Hartbrich’s trip to Japan was pioneering work – not so much for the work itself, which has been going on for a while, but for the administrative structure that helped him get to and settle in Japan. A new EU-funded project called E-JADE will make exchanges like this one easier and more common in the future.

E-JADE stands for Europe-Japan Accelerator Development Exchange programme and is coordinated by CERN. Partner institutions in Japan are KEK and the University of Tokyo; in Europe, the Universities of Oxford and Royal Holloway (UK), CNRS and CEA (F), IFIC (ES) and DESY (DE) are participating in the project. The European Commission supports it with 1.6 million Euros over 4 years, supporting  secondments of researchers from Europe to Japan. Japanese researchers will also spend at CERN and other labs, albeit without being financed by the European Commission.

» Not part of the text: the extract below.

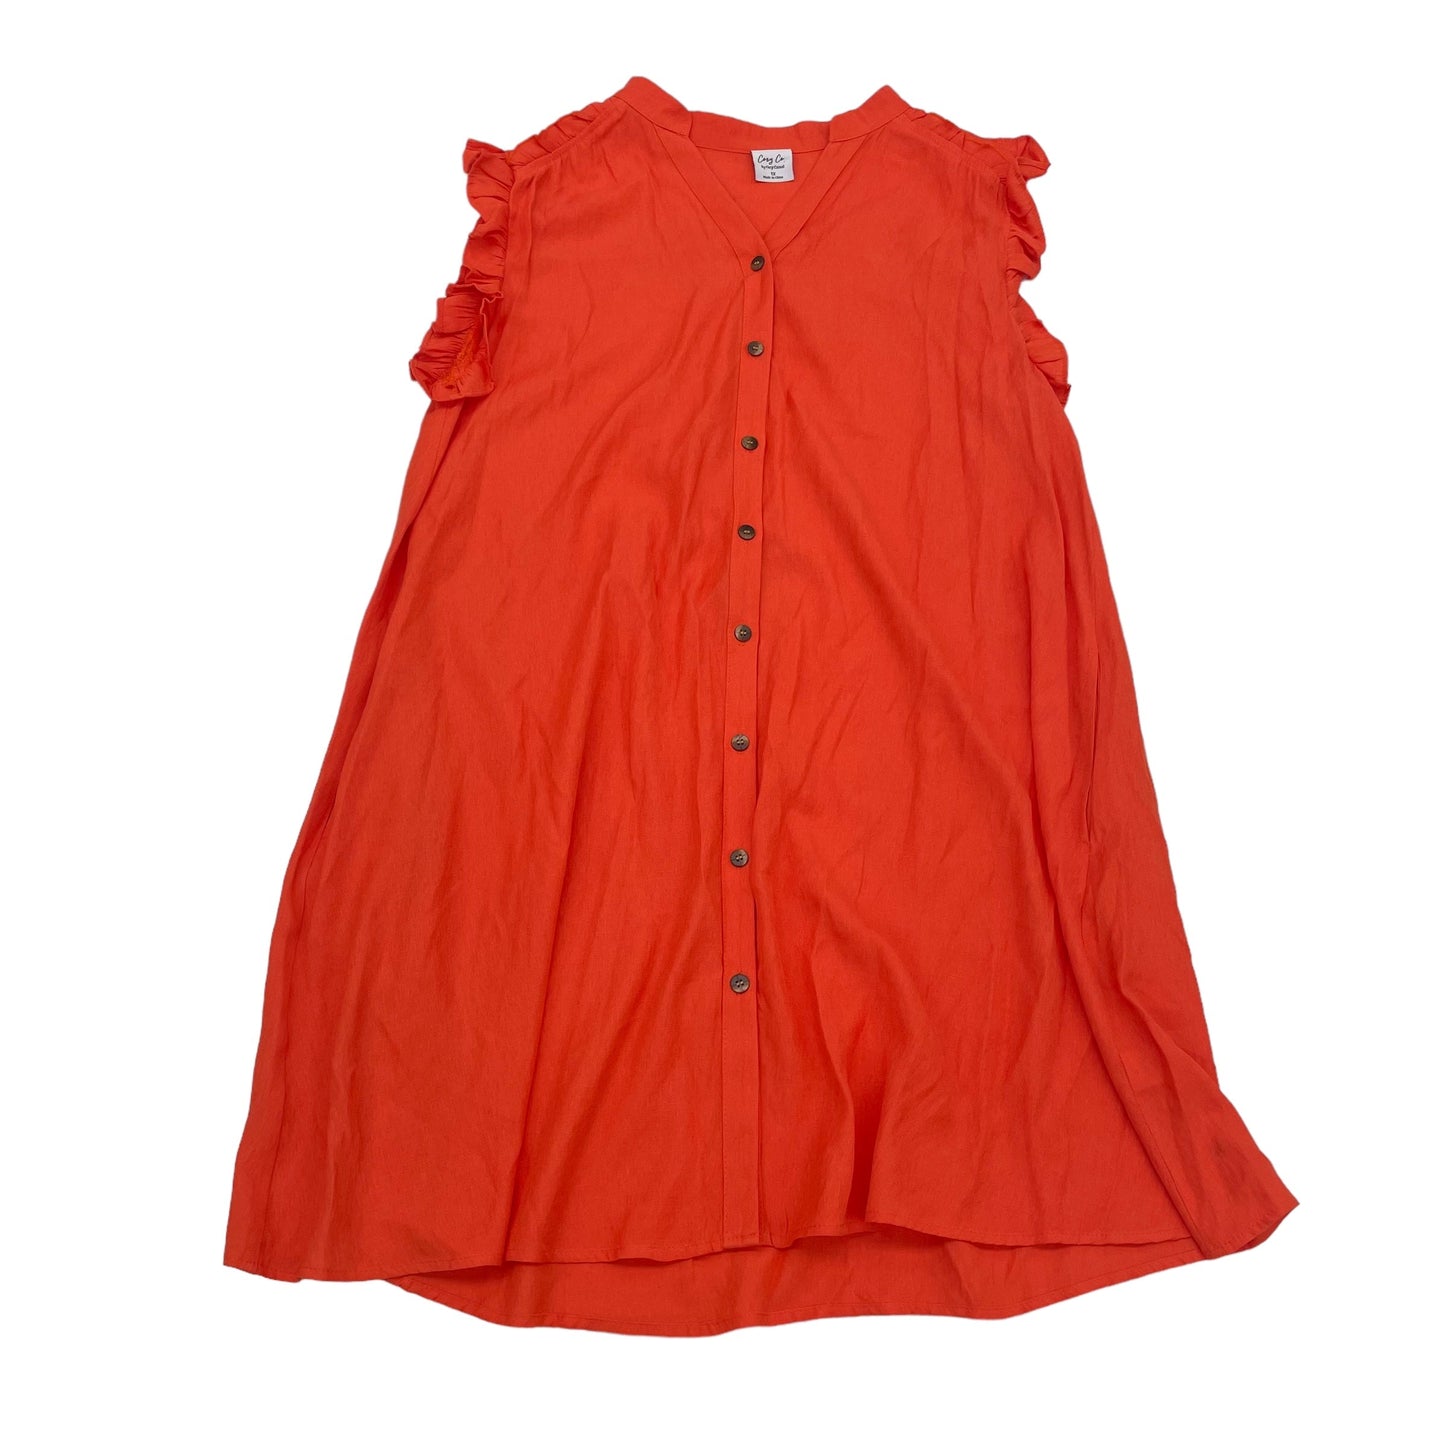 ORANGE    CLOTHES MENTOR DRESS CASUAL SHORT, Size 1X

“E-JADE is all about people and knowledge exchange between European and Japanese institutions for future accelerators for particle physics,” says Steinar Stapnes from CERN, the coordinator of the project. “The roadmaps of both regions are very similar and E-JADE is a great opportunity to make sure that the strategies become even more streamlined by making it easier for people to talk to each other.” The projects on the European roadmap are the LHC and its upgrades, R&D for the new-energy frontier accelerators at CERN – FCC and CLIC –, European participation in a Japan-hosted ILC and a European neutrino programme that focuses on European participation in US- and Japan-based long-baseline projects. Japan’s roadmap highlights J-PARC, the ILC and the Japanese participation in LHC upgrades as well as generic accelerator R&D.

The projects on these roadmaps are all international already. Many researchers from Japan are involved in the LHC, many researchers from Europe work on J-PARC experiments, Belle-II and the Accelerator Test facility ATF, and both communities provide experts on R&D projects for future accelerators that will be global from the start. E-JADE will not only boost technical progress in all of these projects, but is also meant as a platform for more worldly exchange: the way projects are organised and the way things are purchased in the different regions play an important role, as does the way industry works. Already in place are a KEK office at CERN and a CERN office at KEK. “The researchers will be integrated in the appropriate technical groups they are visiting,” stresses Stapnes.

Hartbrich thoroughly enjoyed his time in Japan. While improving the full modelling of the ILD detector according to site-specific requirements and based on test beam data – it now boasts the greatest possible precision –, he got to know two very different faces of Japan. “Tokyo did not give me much of a culture shock, but it is very dense and very special. The video game culture that is celebrated in Akihabara electric city is unique,” he says. “I therefore really enjoyed spending time at Shinshu university, which is in the “Japanese Alps” known for the Nagano Winter Olympic Games. My Japanese colleagues took me hiking and skiing, and the landscape was amazingly beautiful.” What struck him most was the Japanese readiness and desire to help wherever they can.

The new ILD simulation model that emerged from the E-JADE exchange is now ready to be used. One of the next steps is to see what happens when channels fail and how to mitigate the problem, another is to combine the ILD engineering model and the physics model in order to be able to quickly adapt the simulations if the design of the detector changes because of, say, earthquake-safety requirements.